There are a few solutions to this:
Locking. Each client sets an exclusive lock on the rows they read if you use SELECT ... FOR UPDATE (as @Daniel Vassallo describes)
Use auto-increment. This mechanism guarantees no race conditions, because allocation of new values happens without regard to transaction scope. As a benefit, no two concurrent clients will get the same value. This means, though, that a rollback doesn't undo allocation of a value. The LAST_INSERT_ID() function returns the last auto-increment value allocated by the current session, even if other concurrent clients are also generating values in the same table or different tables.
Use an external solution. Generate primary key values not using SQL but with some other system in your application. You're responsible for protecting against race conditions. For instance you could use a counting semaphore.

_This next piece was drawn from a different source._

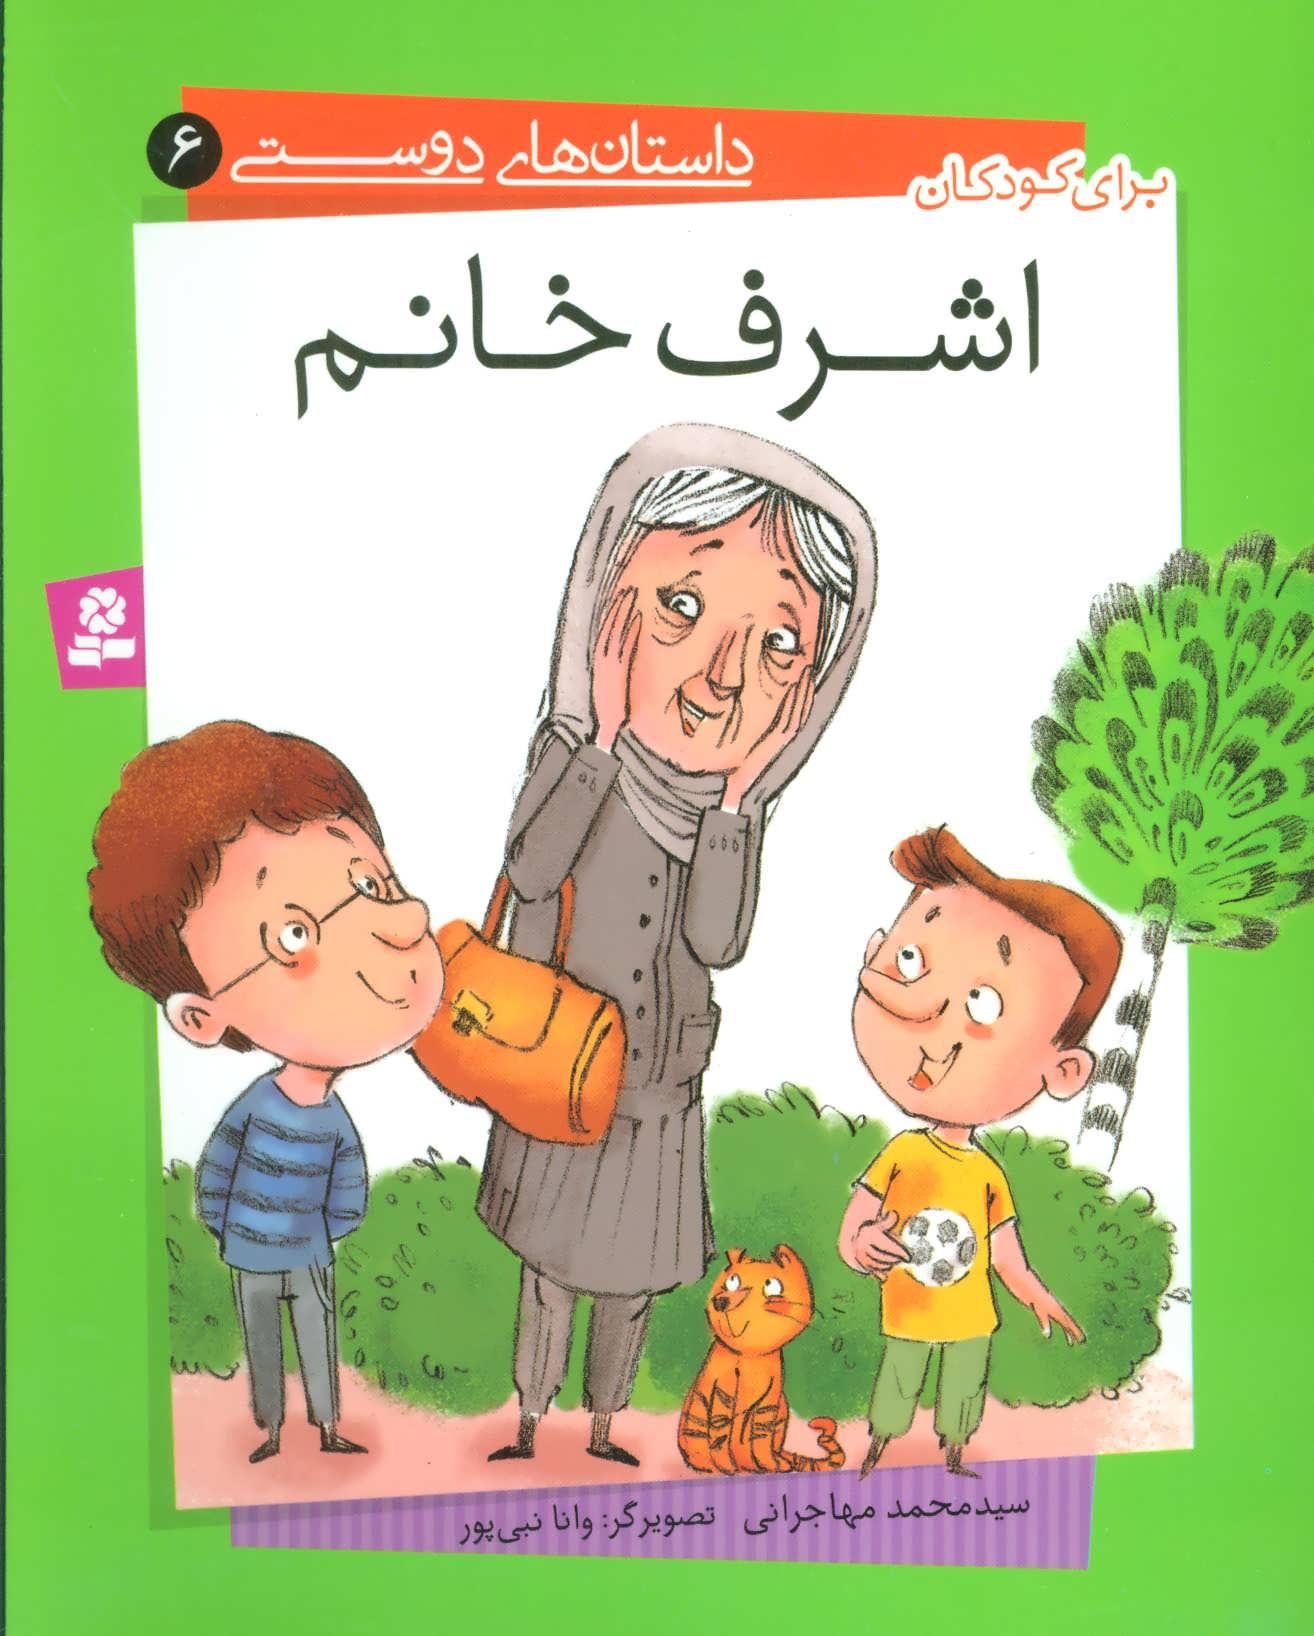 داستان هاي دوستي 6 (اشرف خانم)،(گلاسه)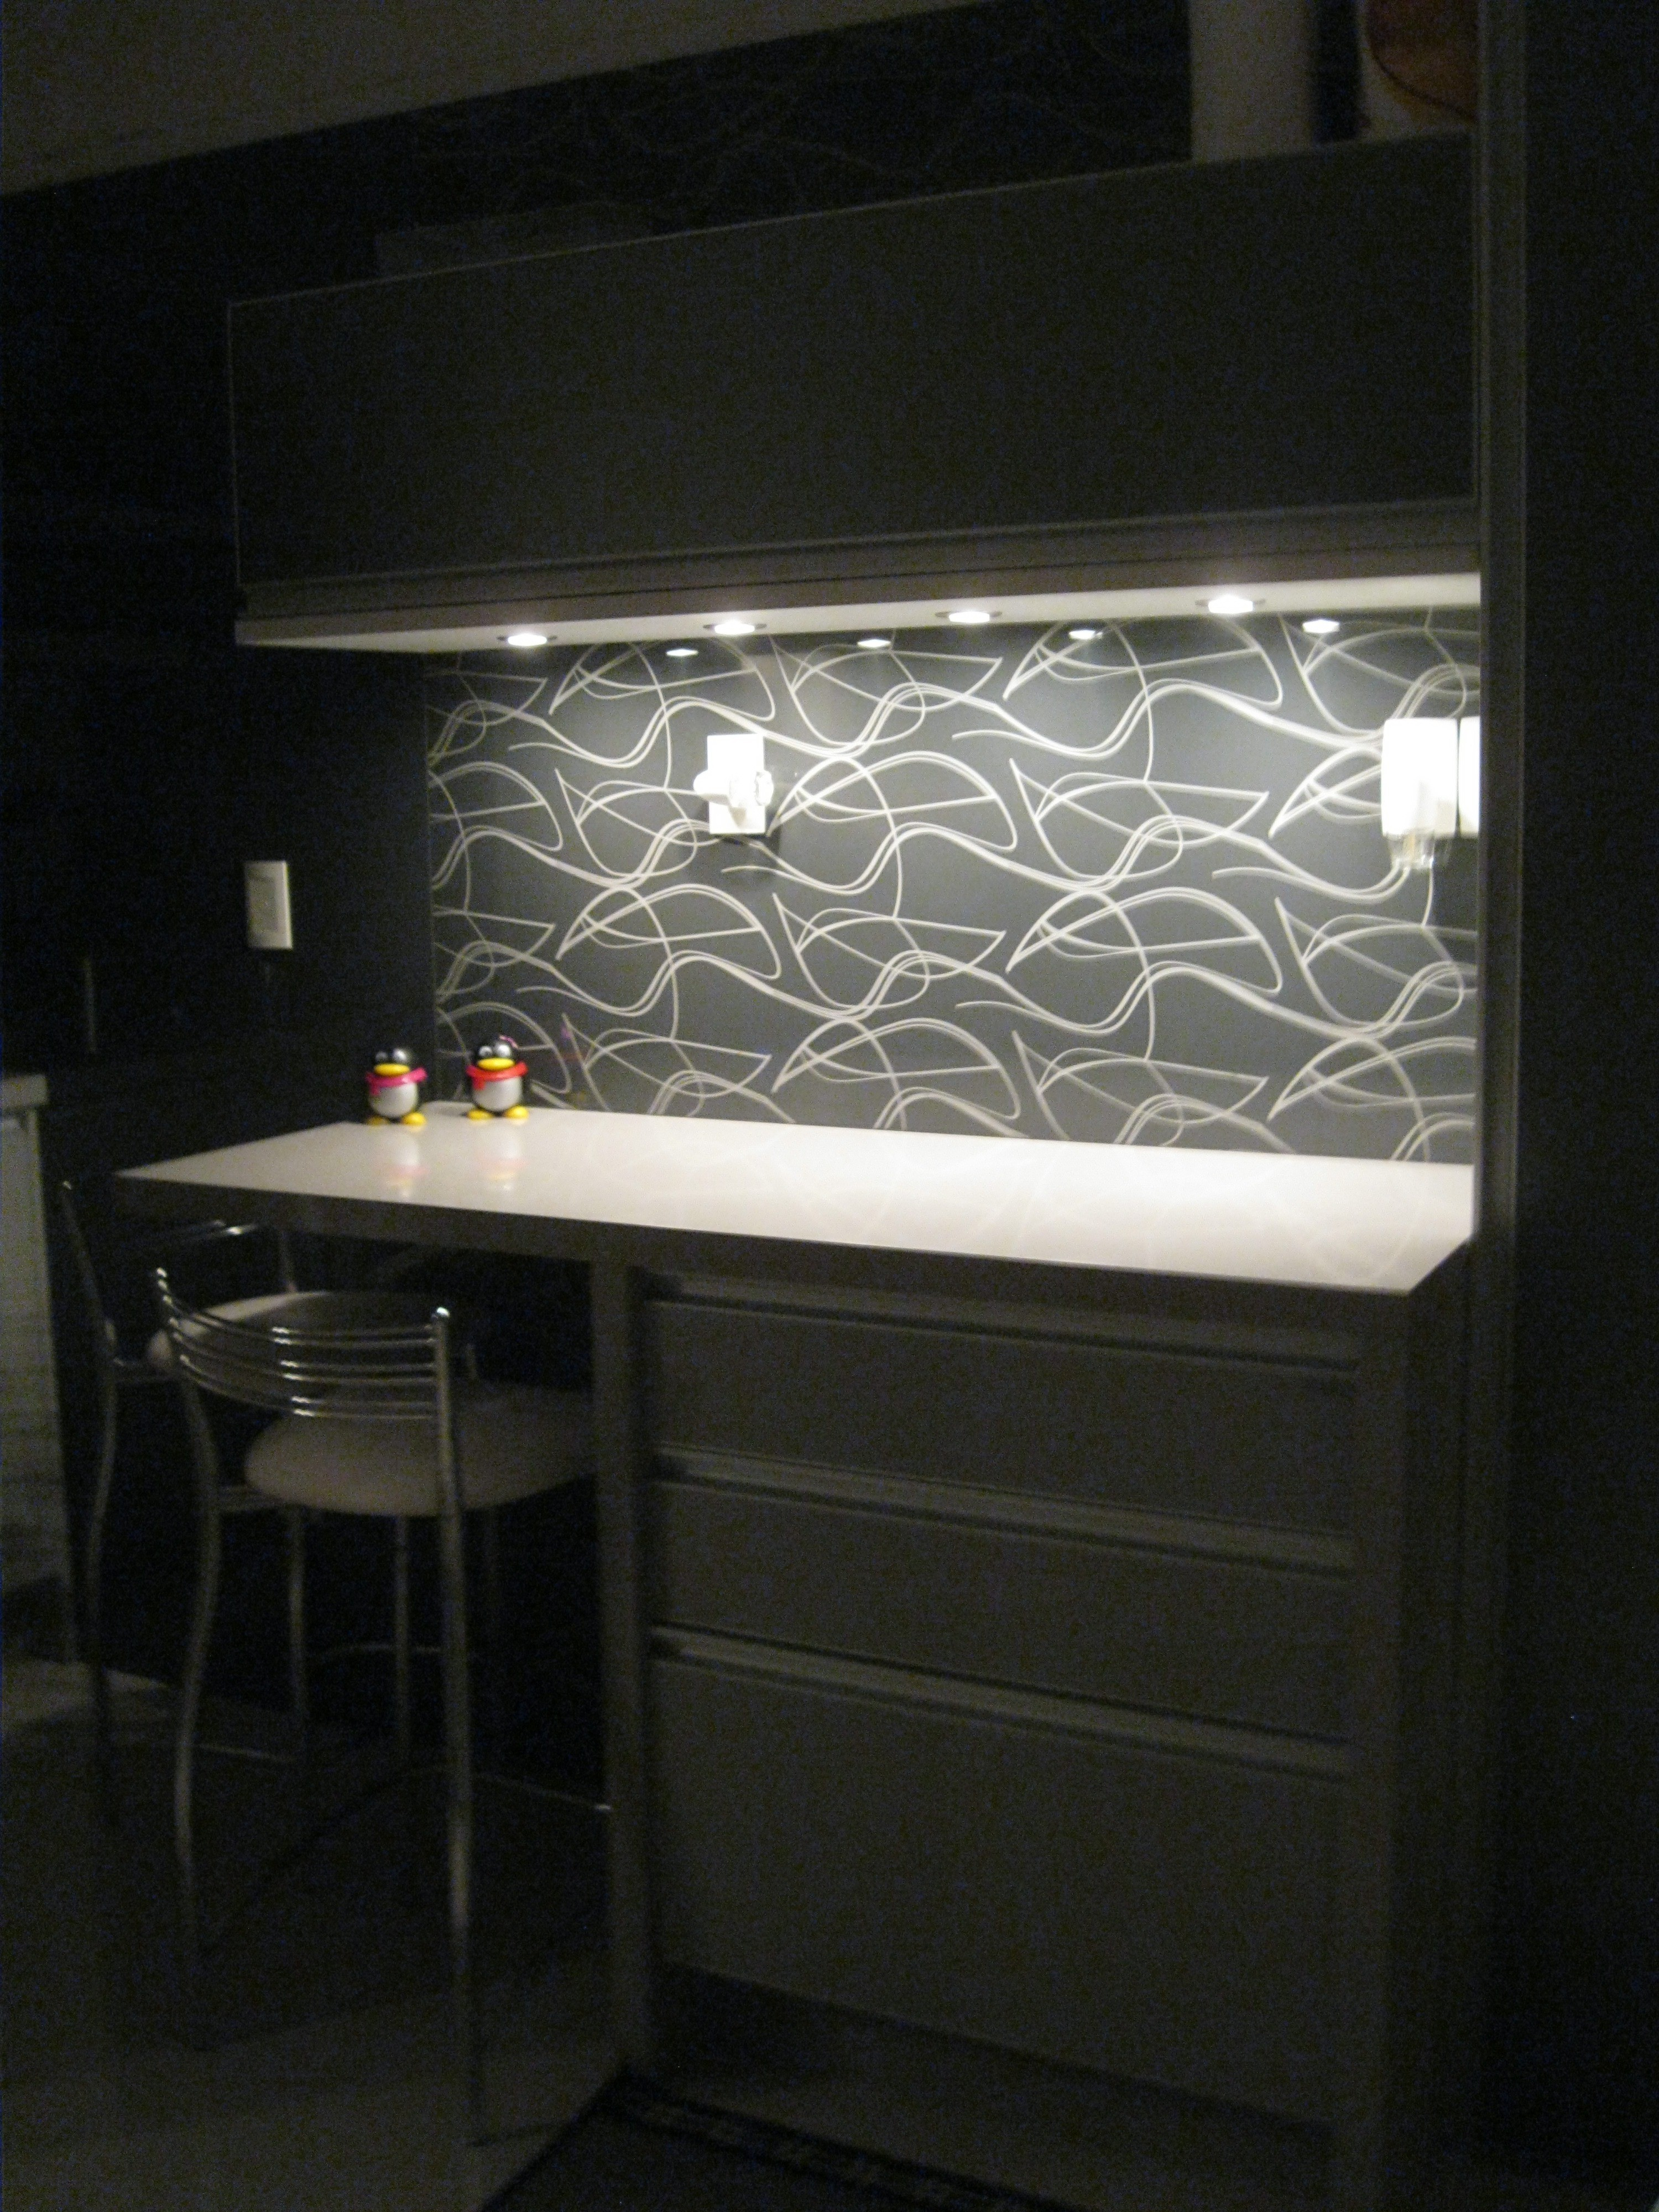 #AA9421 Cozinha – Av. Dom Joaquim 3000x4000 px Projetos De Cozinhas Com Coifas #453 imagens

Use a pseudorandom, unique id. Primary keys need to be unique, but they don't need to be monotonically increasing integers. Some people use the UUID() function to generate a random 128-bit number that's virtually guaranteed to not have duplicates. But then your primary keys have to use a larger data type such as CHAR(36) or BINARY(16) and it's inconvenient to write ad hoc queries.
SELECT * FROM MyTable WHERE id = '6ccd780c-baba-1026-9564-0040f4311e29';
You mention in a comment that you "read some negative things" about using auto-increment. Of course any feature in any language has do's and don'ts. It doesn't mean we shouldn't use those features -- it means we should learn how to use them properly.
Can you describe your concerns or any of the negative things about auto-increment? Perhaps folks on this thread can address them.